US 11,669,329 B2
	Instructions and logic for vector multiply add with zero skipping
Supratim Pal, Bangalore (IN); Sasikanth Avancha, Bangalore (IN); Ishwar Bhati, Bangalore (IN); Wei-Yu Chen, San Jose, CA (US); Dipankar Das, Pune (IN); Ashutosh Garg, Folsom, CA (US); Chandra S. Gurram, Folsom, CA (US); Junjie Gu, Santa Clara, CA (US); Guei-Yuan Lueh, San Jose, CA (US); Subramaniam Maiyuran, Gold River, CA (US); Jorge E. Parra, El Dorado Hills, CA (US); Sudarshan Srinivasan, Bangalore (IN); and Varghese George, Folsom, CA (US)
Assigned to Intel Corporation, Santa Clara, CA (US)
Filed by Intel Corporation, Santa Clara, CA (US)
Filed on Apr. 18, 2022, as Appl. No. 17/723,312.
Application 17/723,312 is a continuation of application No. 16/724,831, filed on Dec. 23, 2019, granted, now 11,314,515.
Prior Publication US 2022/0326953 A1, Oct. 13, 2022
This patent is subject to a terminal disclaimer.
Int. Cl. G06F 9/38 (2018.01); G06F 9/30 (2018.01)

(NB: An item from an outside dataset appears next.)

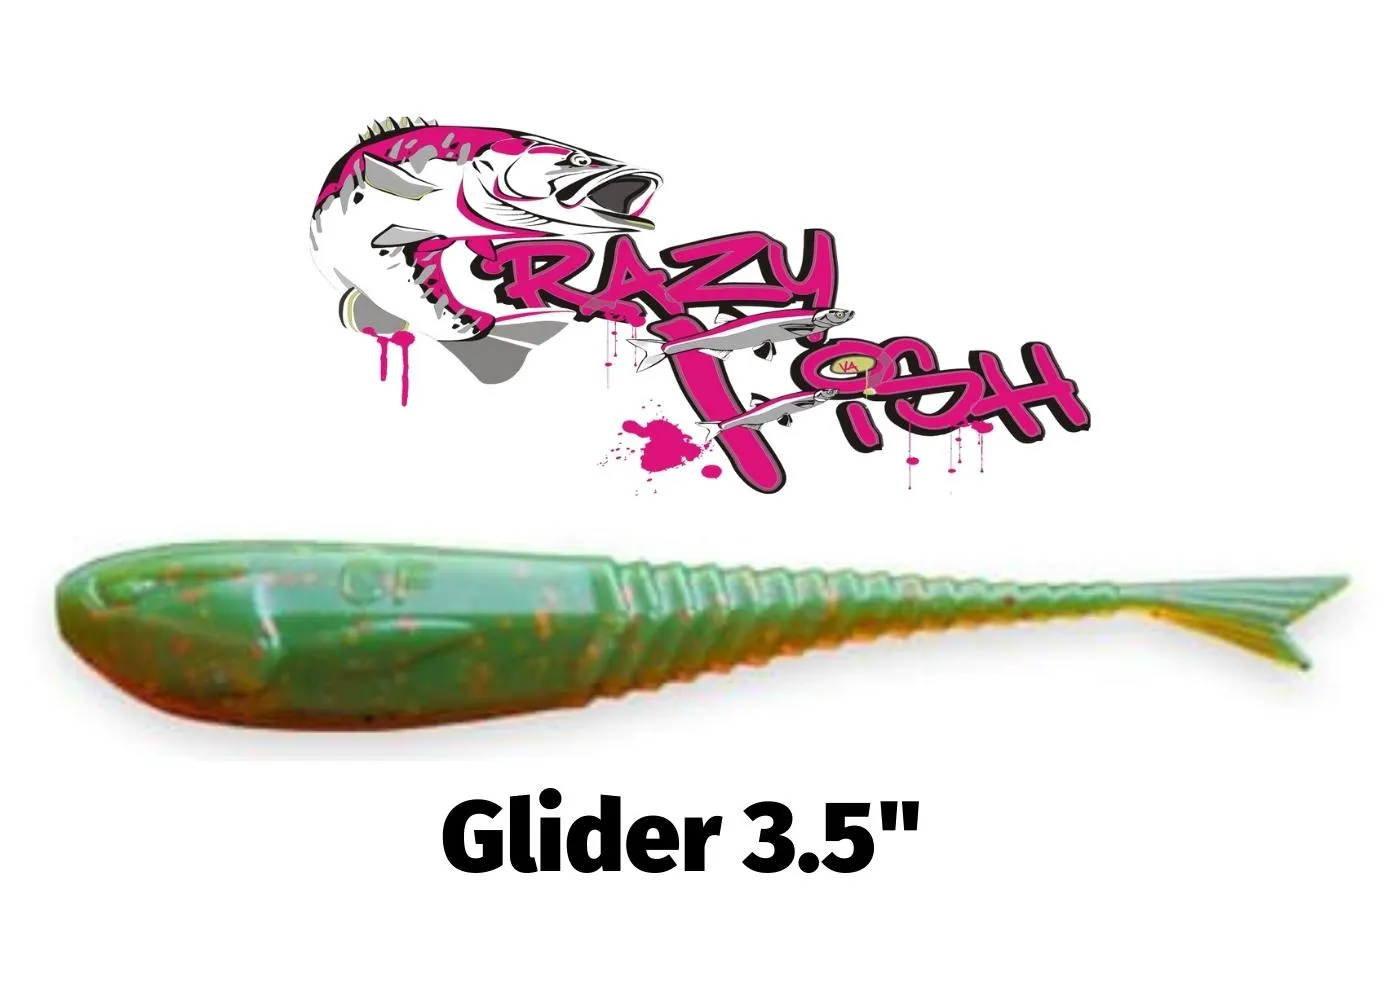 Крейзи фиш оптимус. Силиконовая приманка Crazy Fish Glider 3.5 f36-90-42-6. Мягкие приманки Crazy Fish Glider 1.2" кальмар # мix 01 + 09 (16шт). Crazy Fish наклейка. Джерси Crazy Fish.

CPC G06F 9/3802 (2013.01) [G06F 9/3001 (2013.01); G06F 9/30018 (2013.01); G06F 9/30145 (2013.01)]

20 Claims

1. A graphics processor comprising:

an instruction cache to store a set of instructions for execution;

a plurality of processing resources configured to execute instructions; and

circuitry configured to:

fetch a hardware macro instruction having a predicate mask, a repeat count, and a set of initial operands, wherein the hardware macro instruction is to cause the plurality of processing resources to perform a set of multiply and add operations on input associated with a set of matrices;

atomically execute the set of multiply and add operations via the plurality of processing resources in response to the hardware macro instruction, the set of multiply and add operations executed based on the predicate mask and the repeat count, wherein to atomically execute the set of multiply and add operations includes to execute a first multiply and add operation associated a first active bit within the predicate mask, bypass execution of a second multiply and add operation for a first inactive bit within the predicate mask, and execute a third multiply and add operation for a second active bit within the predicate mask; and

retire the hardware macro instruction upon completion of the set of multiple multiply and add operations.